Hello Jatin,
This part of the tutorial refers to visualizing the structures using a different program. Most people accomplish that by using VMD (
https://www.ks.uiuc.edu/Research/vmd/).
The nc extension is used for the NetCDF file format. VMD has a NetCDF plugin, and if that has been installed you can do “vmd -parm7 file.prmtop -netcdf file.nc” to open it (or specify it using the File Load GUI). If I remember correctly, the NetCDF plugin isn’t supported on Windows machines.

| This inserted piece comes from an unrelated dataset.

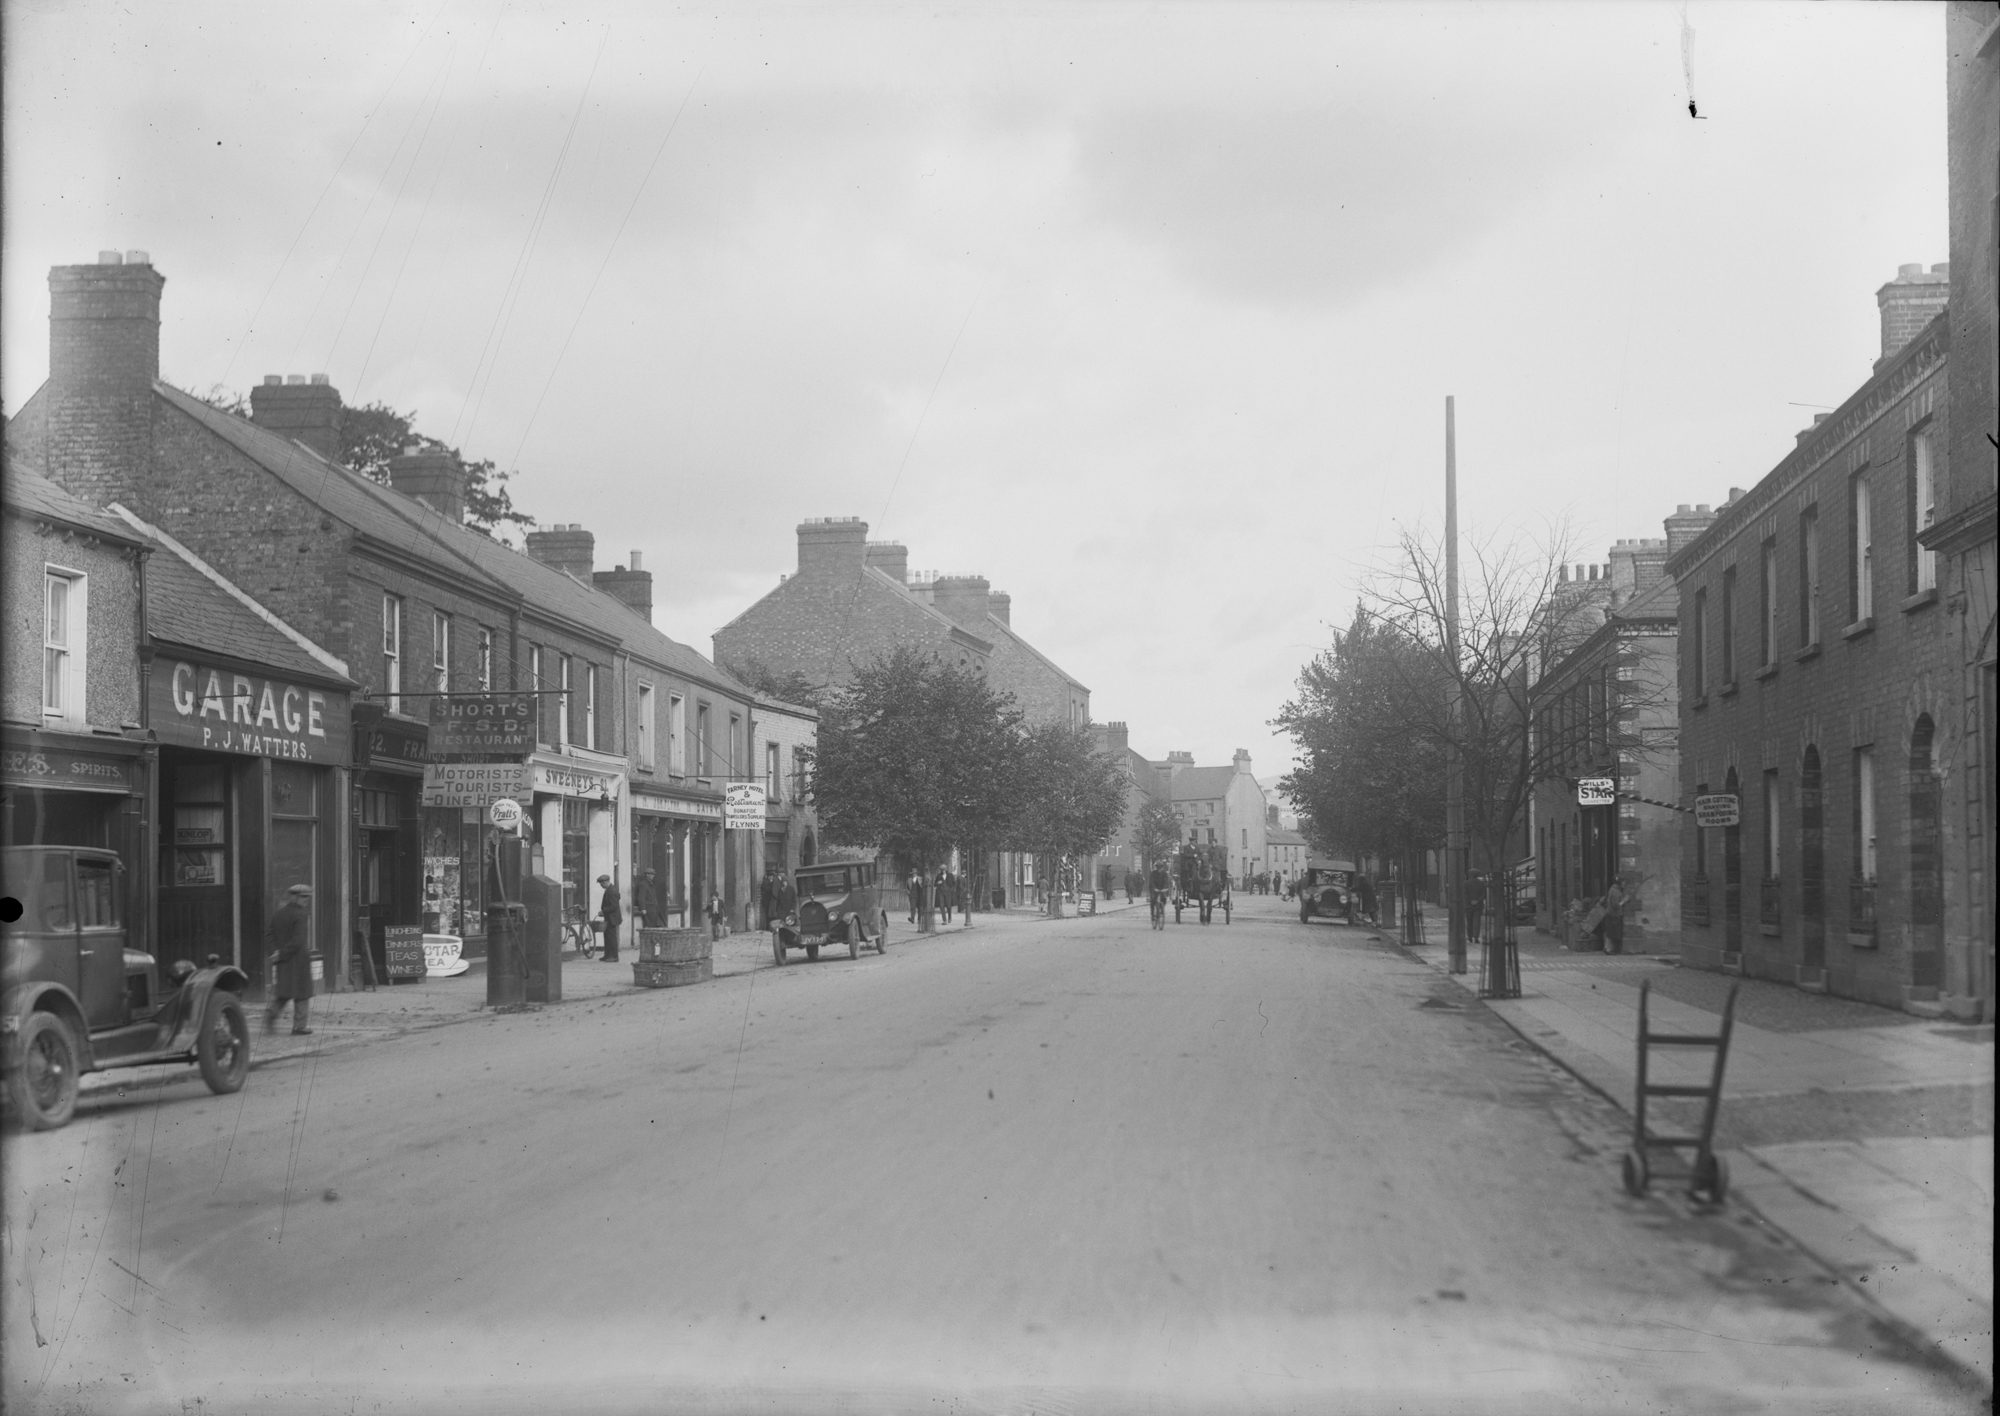 Park Street, Dundalk, Co. Louth

The final frame (so what should be at 300 K) is saved in the .rst file. You can also load just that file using “vmd -parm7 file.prmtop -rst7 file.rst”. Hope that helps!
Sincerely,
Emmett Leddin
Pronouns: he/him
Chemistry PhD Candidate
>> On Sep 10, 2020, at 23:36, Jatin Kashyap <jk435.njit.edu> wrote:
> Dear AMBER Community,
>
> I am following the protein-ligand tutorial.[1] I was able to reproduce it until the last step. But I am not able to visualize the binary trajectory file generated in the very last step (.nc).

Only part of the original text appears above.